Thessaloniki, Hosios David, apse mosaic

Era 5AD
Location Epimenidou 17, Thessaloniki 546 33, Greece

The church of Hosios David is very small. When built in the fifth century, it was a diminutive cross-in-square church, perhaps 12.1 metres by 12.3 metres, with a single protruding apse and probably a central internal dome. It's up a steep hill, often locked in my experience and guarded by a dragon of a woman who gets very cross if you try to take pictures of the mosaic.

The mosaic is equally small since the apse is all of 5.5 metres by 2.5 metres. But it is striking and very unusual and difficult to understand – indeed, I’m not sure we do understand it. The iconography is unique – among surviving mosaics. In the centre, seated within a circular mandorla on a rainbow, is a young and beardless Christ holding an open scroll. He has been variously interpreted as an Emperor, as Christ Emmanuel (EXPLAIN), and even as a feminised figure. Around the mandorla are the four apocalyptic creatures/evangelist symbols, man (Matthew), lion (Mark), ox (Luke), eagle (John). Below the mandorla, the four rivers of Paradise flow. But uniquely (in surviving imagery), to Christ’s right stands a grey-bearded male figure, raising his hands to his ears and bending down. Behind him is a city situated in a rural landscape and in front of him, a bearded male figure, half-length and naked, shown in almost a grisaille technique, looks back at him, wide-eyed, and hand upraised, from the blue fish-filled water of the rivers below. On Christ’s left is a seated figure, also grey-bearded, an open book on his lap, hand to chin in contemplative pose. The text within this book reads: ‘A living source, capable of receiving and nourishing the souls of the faithful [is] this all-honoured house’ Behind this figure, in the rocky landscape, is a hut.

Who these two men and the figure in the water were meant to be is totally obscure. Were they meant as Old Testament prophets? New Testament figures? A mixture of both? And if so, which ones? : suggestions include Ezekiel and Isaiah, Ezekiel and Zachariah, Ezekiel and John the Evangelist, Isaiah and John the Evangelist, Peter and Paul, and Ezekiel and Habakkuk. This last is the most widely-accepted interpretation, because this is how a (probably) twelfth-century account written by an Abbot Ignatios identified the two figures What was the reason for the city and the hut in the background? Who is the bloke in the river? He is sometimes identified as a personification of the River Jordan. Such personifications of rivers, landscapes and abstract ideas (like ‘Victory’ or ‘Good Health’) were common in Roman art.
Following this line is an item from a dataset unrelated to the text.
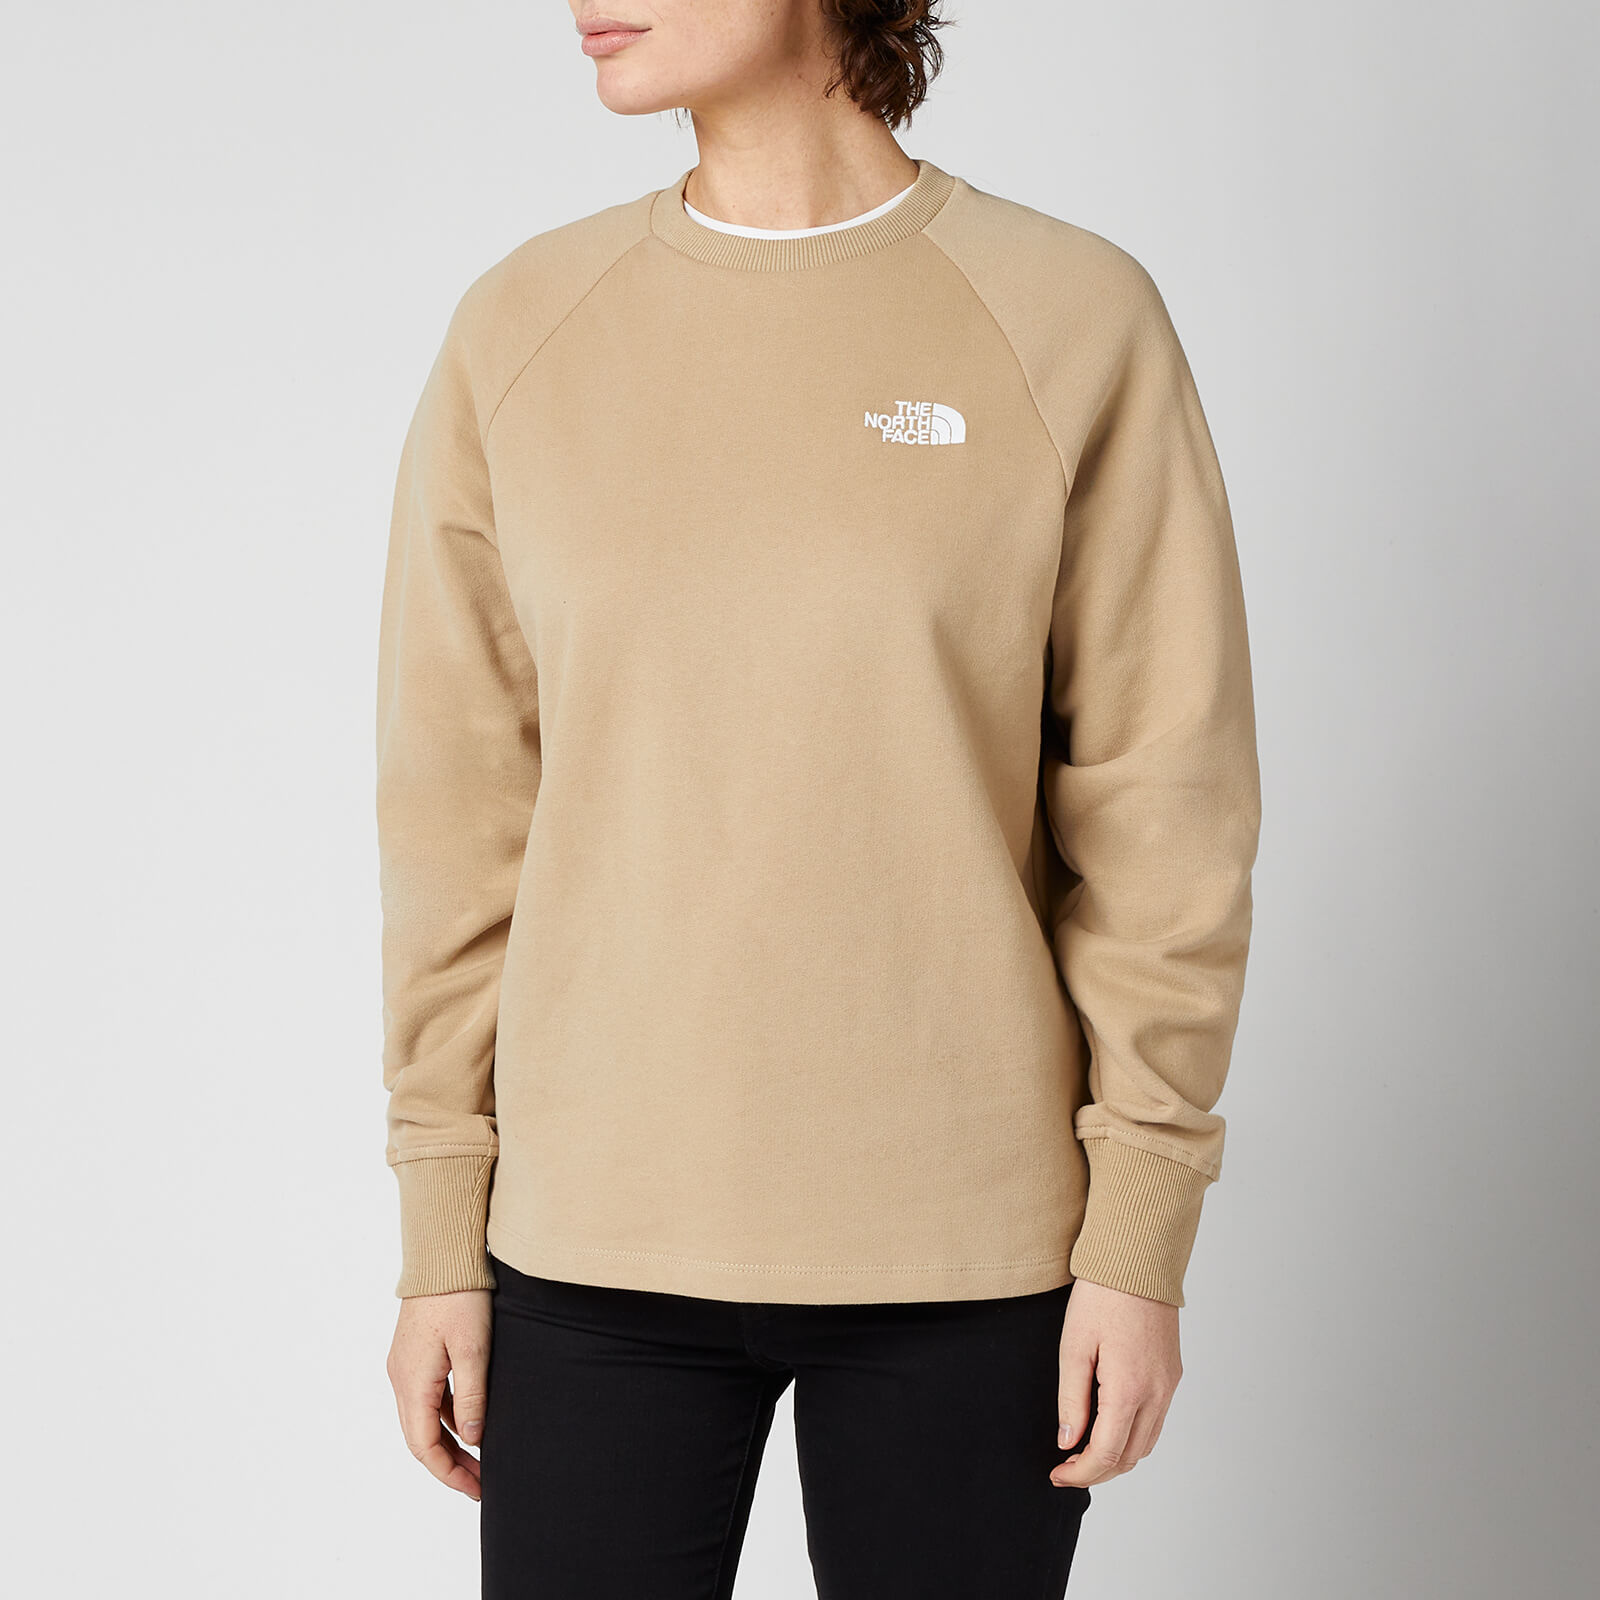 The North Face Women's Oversized Crew - Beige - XS
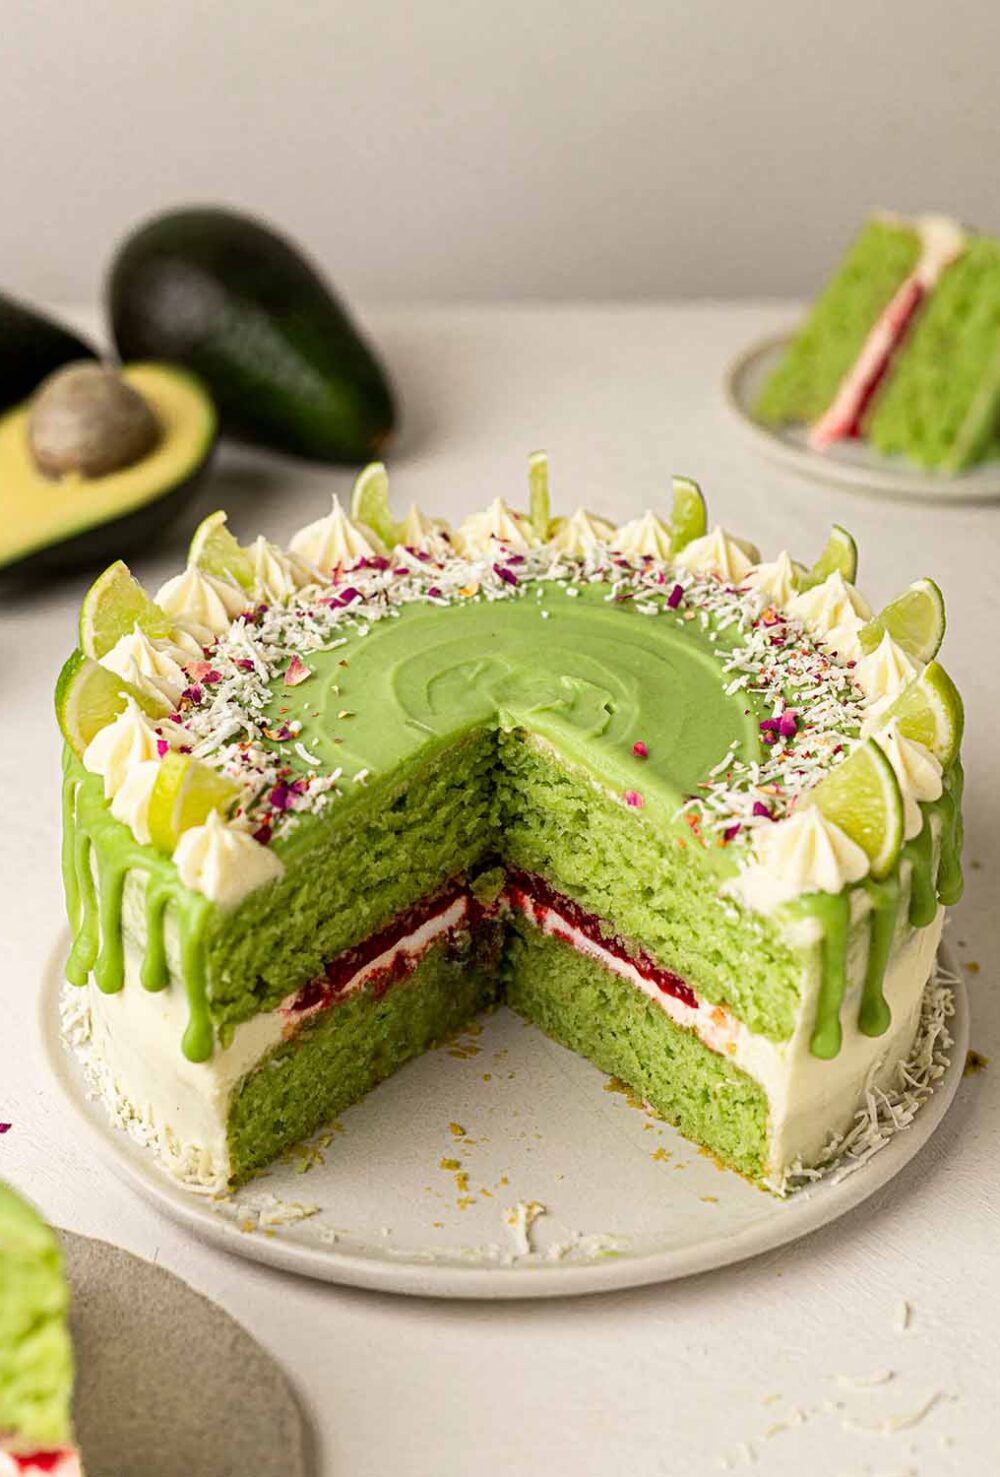 Cross section of light green colored cake with raspberry jam in middle. Cake is covered in green and white icing.

Below the image, along the bottom of the mosaic, runs a cryptic inscription, raising as many questions as it answers: ‘A living source, capable of receiving and nourishing the souls of the faithful [is] this all-honoured house. Having vowed, I succeeded and succeeding I paid in full. For the vow of her of whom God knows the name’. It is a text that implies that the subject matter was highly personal, and this may be what makes the mosaic so hard to decipher now (and perhaps also in the fifth century). It also makes it clear that the patron was a woman, not a rare phenomenon in Late Antiquity, but nonetheless a remarkable one. Her anonymity was shared by other patrons in Thessaloniki; at the Acheiropoietas, for example, the same phrase ‘known only to God’ is used of the male patron. It seems deliberately to underline the donor’s humility. The inscription at Hosios David suggests that the church was a private foundation, a gift in fulfilment of a vow: the church was built in return for success in something.

Notes:

The existence of church and mosaic indicate that the patron could command the resources needed for the building, though the relative absence of gold and silver tesserae at Hosios David might indicate that they were beyond her purse. It might, of course, reveal that she could not get hold of them, but the use of metallic tesserae elsewhere in fifth-century Thessaloniki suggests that supply was not necessarily the issue. In fact, the mosaic generally appears to lack the clarity and quantity of glass in bright colours found in the other churches in Thessaloniki such as Rotunda or the Acheiropoietas and the background appears to be largely stone.